Some freezones are quite restrictive on what you can do (eg you can't run a plumbers from Media City) will others are a bit more relaxed. Jebel Ali is the only one really that suited for importing goods to the UAE but they're not geared towards SME's and start ups.

RAK and Sharjah are the general go to ones first for general business. Virtuazone is popular with sole traders, consultants and freelancers. But do your homework, search the forum etc. It can be frustrating, but it's not as daunting as you think so no need to pay 'ready made companies' rip offs that you'll come across.


----------



## Morlok (Nov 7, 2011)

I am a professional Will writer and Estate Planner, (that was censored from my previous post - even though no biz name or website was mentioned), so im still open to comments on which freezone.

Im not keen to start in Sharjah because by clients are in Dubai and AD. 

All my UAE suppliers have given the same heads up with the off-the-shelf outfits. Avoid.


----------



## Morlok (Nov 7, 2011)

and what is RAK?


----------



## Dozza (Feb 17, 2009)

Morlok said:


> and what is RAK?


Ras Al Khaimah - its another Emirate


----------



## Morlok (Nov 7, 2011)

Thanks.

I think this needs to be in Dubai where the clients are, anywhere between downtown and Greens would be good.

Does anyone suggest a particular freezone?


----------



## dxbexpat (Nov 7, 2011)

There are different options when looking for freezones, make a google search but most popular ones are Dubai Media City, Virtual zone, Ajman Free zone, RAK Free zone and RAKIA. spend some good time researching to see which one suits your pocket and gets you started soon.


----------



## Mr Rossi (May 16, 2009)

You can, and many businesses do, operate outside of the emirate they are registered in.

Again it's dependant on what you but from what you are saying at this stage RAK or Virtuazone would suit you regardless of where your clients are based.


----------



## Morlok (Nov 7, 2011)

OK, which is cheaper, and can anyone tell me how I contact Virtuazone and RAK?

Is there is a simple process for setting up a company quickly and cheaply - i.e. what forms to complete, who to contact etc.


----------



## Mr Rossi (May 16, 2009)

Morlok said:


> OK, which is cheaper, and can anyone tell me how I contact Virtuazone and RAK?

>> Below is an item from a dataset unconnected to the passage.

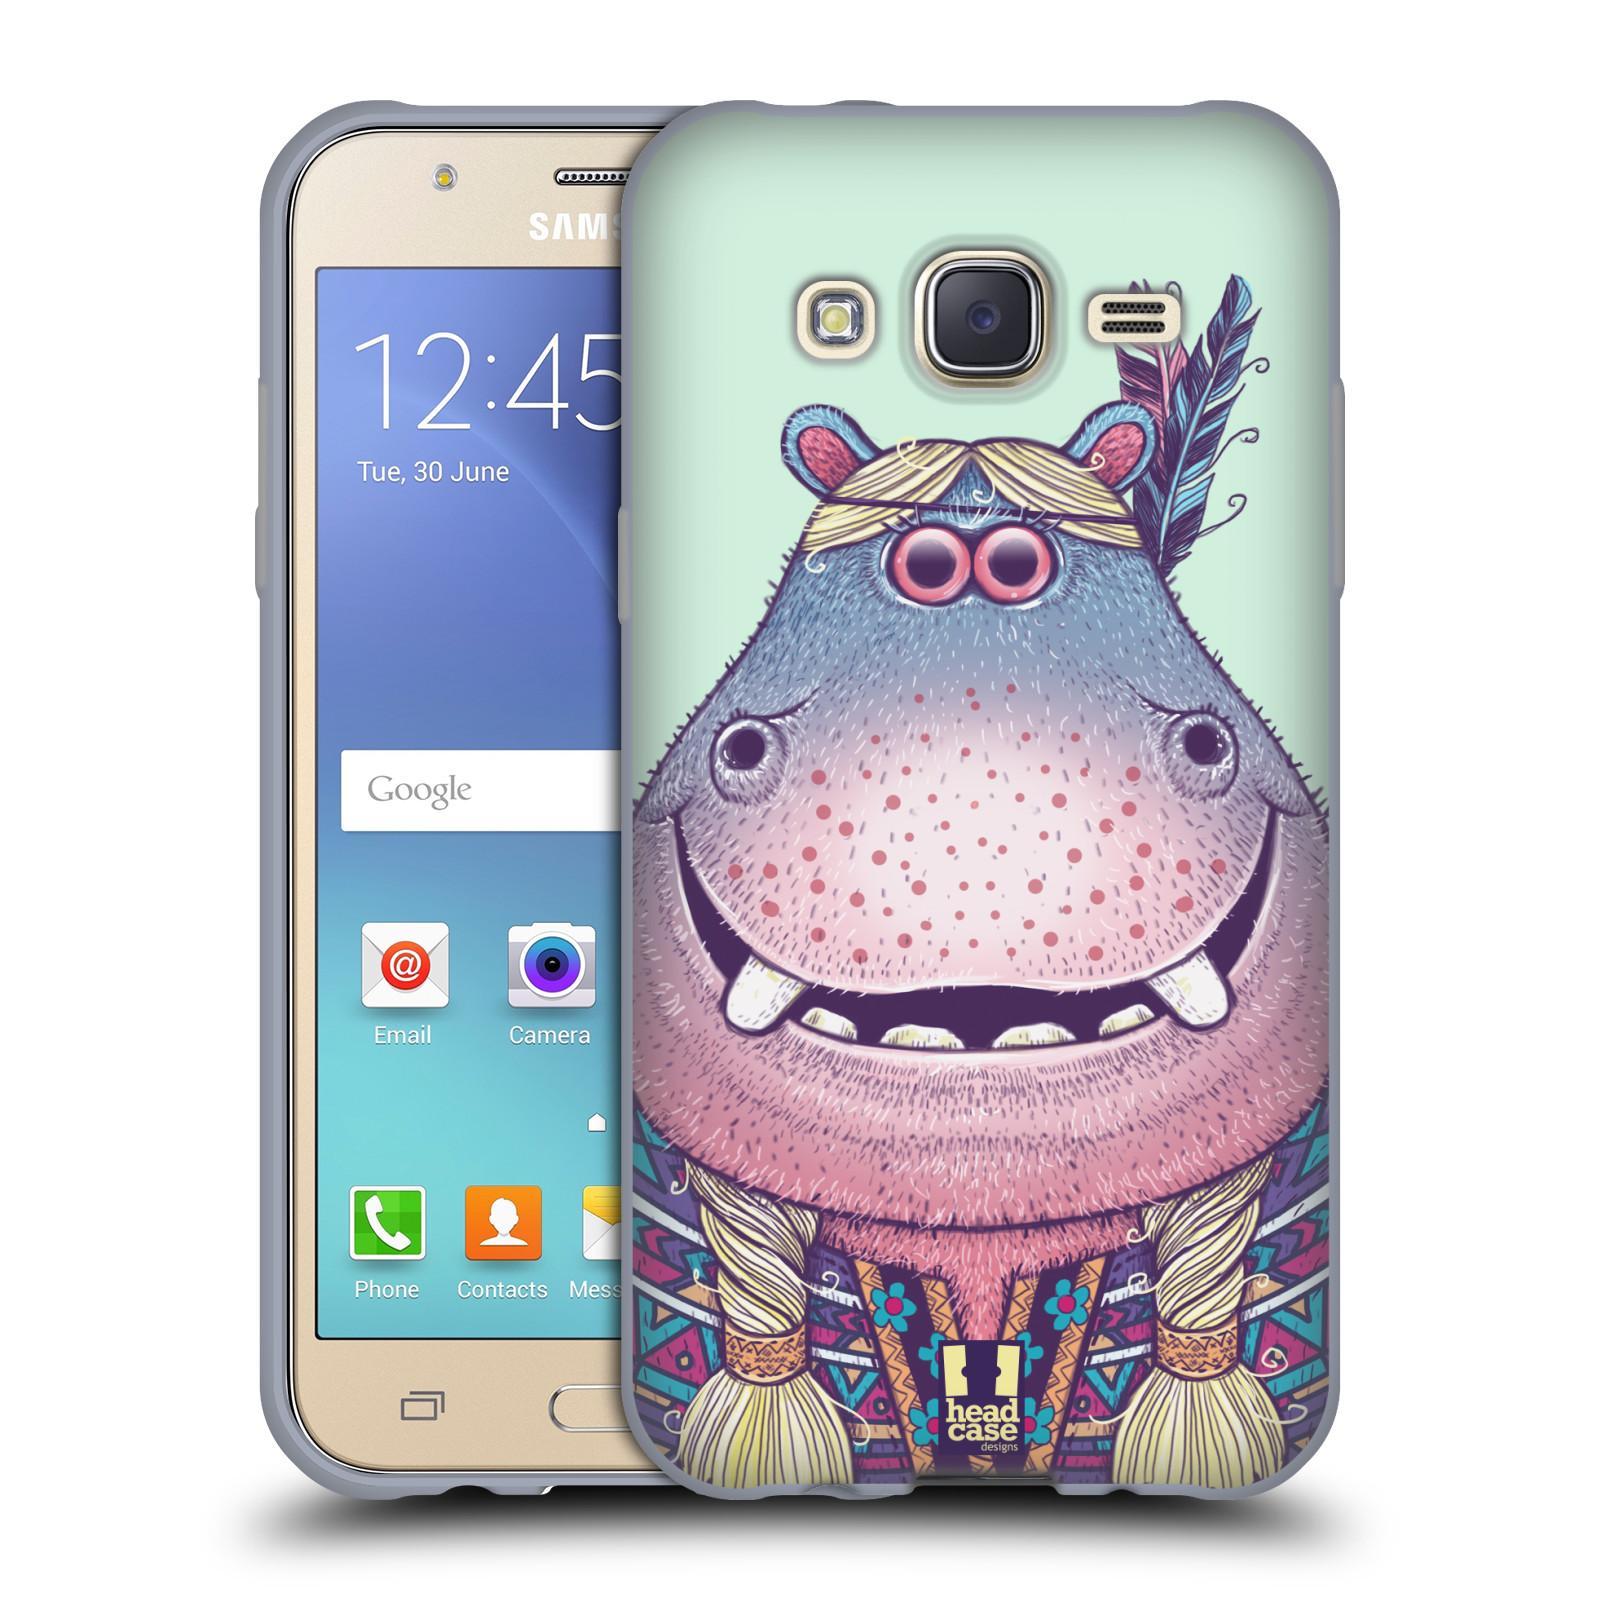 HEAD CASE silikonový obal na mobil Samsung Galaxy J5, J500, (J5 DUOS) vzor Kreslená zvířátka hroch

Free Trade Zone RAK - UAE Dubai ? Office, Warehouse and Business Startup Services in the Emirates

Virtuzone



Morlok said:


> Is there is a simple process for setting up a company quickly and cheaply - i.e. what forms to complete, who to contact etc.


Nothing is ever simple in the UAE but if I'm sure if you can write wills you'll get through this process.


----------



## dxbexpat (Nov 7, 2011)

I am aware of RAKIA, a free zone entity in RAK and Ajman Freezone, they both have simple paperwork. check their sites and chose what type of biz you wish to setup and visit them. Licence usually takes 2-3 days to be done.


----------



## Elphaba (Jan 24, 2008)

Morlok said:


> I am a professional Will writer and Estate Planner, (that was censored from my previous post - even though no biz name or website was mentioned), so im still open to comments on which freezone.
> 
> Im not keen to start in Sharjah because by clients are in Dubai and AD.
> 
> All my UAE suppliers have given the same heads up with the off-the-shelf outfits. Avoid.


But not a professionaly qualified lawyer? Only a lawyer should write wills, not someone who has been on a will writing course. 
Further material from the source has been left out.